PROBLEM REQUIREMENTS
Using the material below, return exactly the lines between the one holding "Bowflex MAX Trainer M3 User Manual" and the one holding "Ledub Shirt Easy", inclusive, and no others.

#### MATERIAL FOR THE TASK ####

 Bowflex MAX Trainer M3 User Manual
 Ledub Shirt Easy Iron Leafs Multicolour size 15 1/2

####
#### MATERIAL FOR THE TASK ####

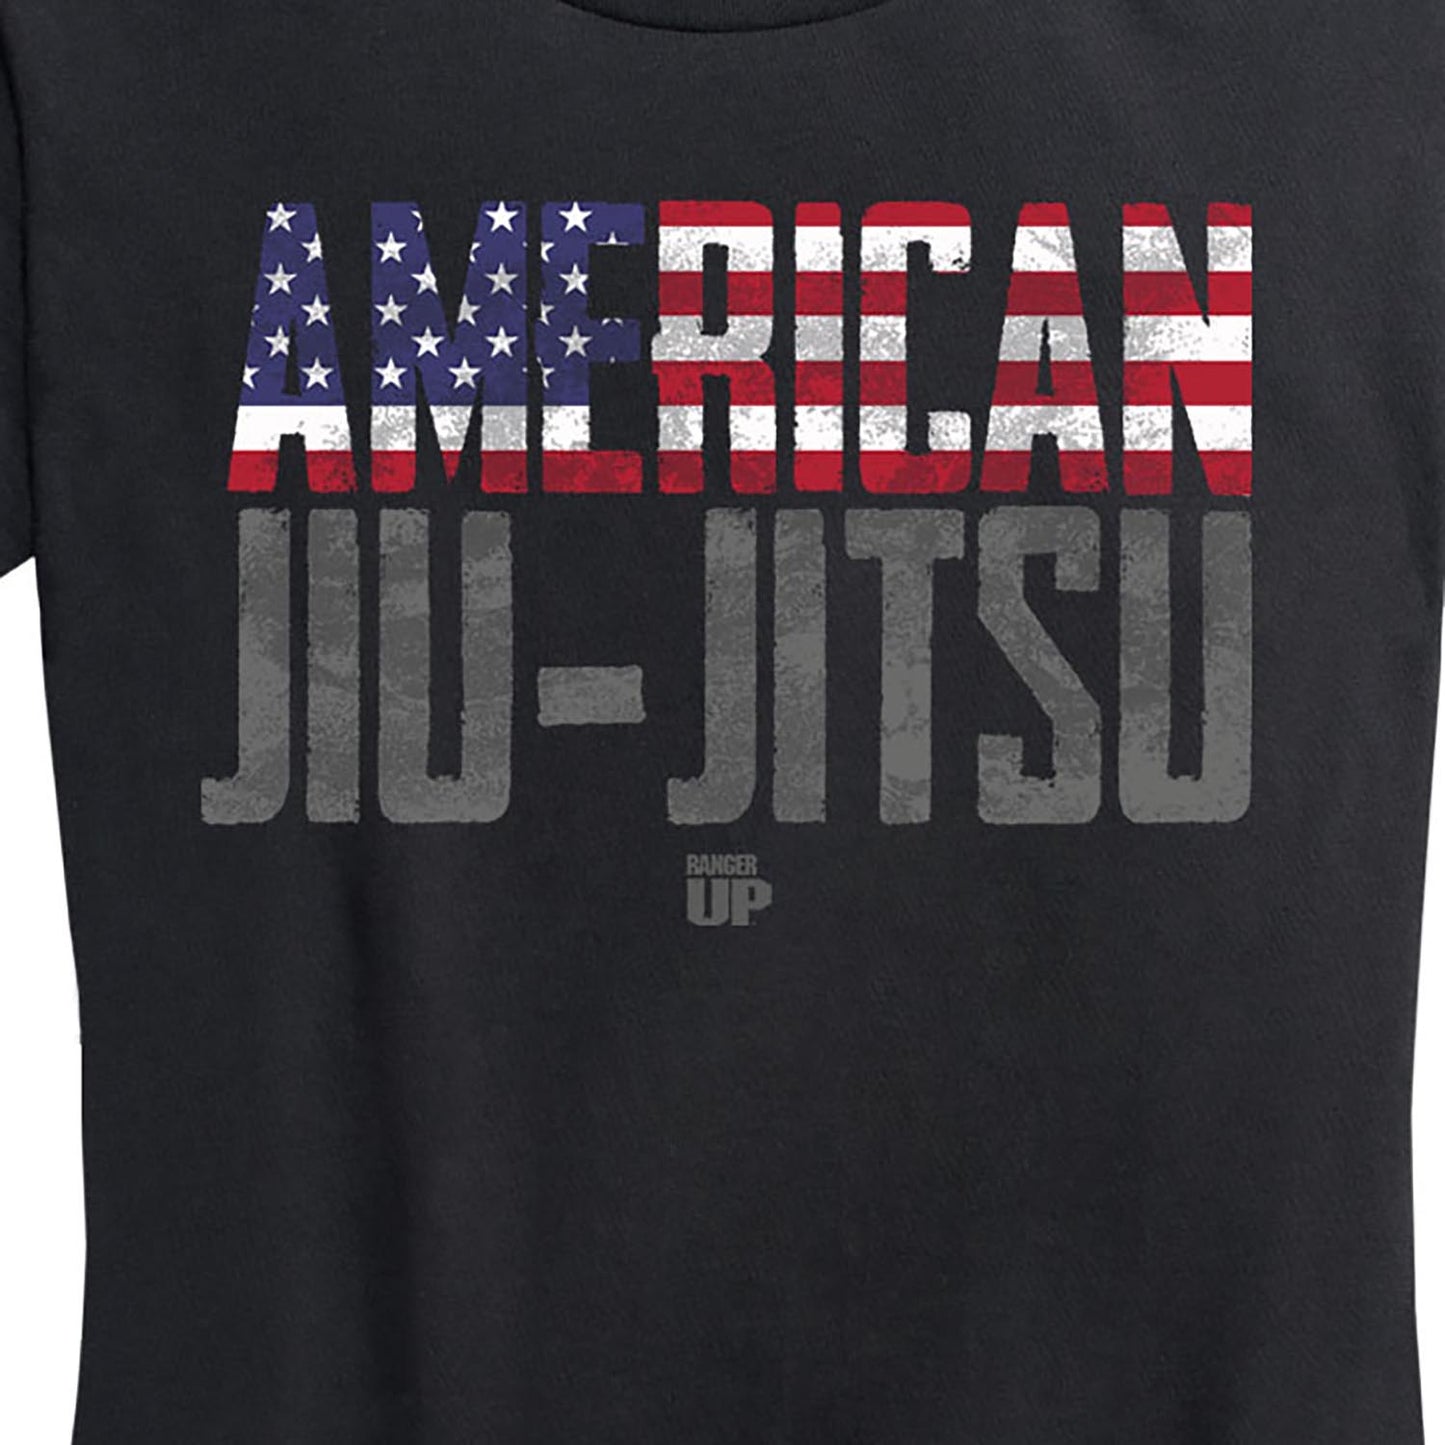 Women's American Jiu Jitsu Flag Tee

####

SOLUTION FOR THIS TASK
 Bowflex MAX Trainer M3 User Manual
 Ledub Shirt Easy Iron Leafs Multicolour size 15 1/2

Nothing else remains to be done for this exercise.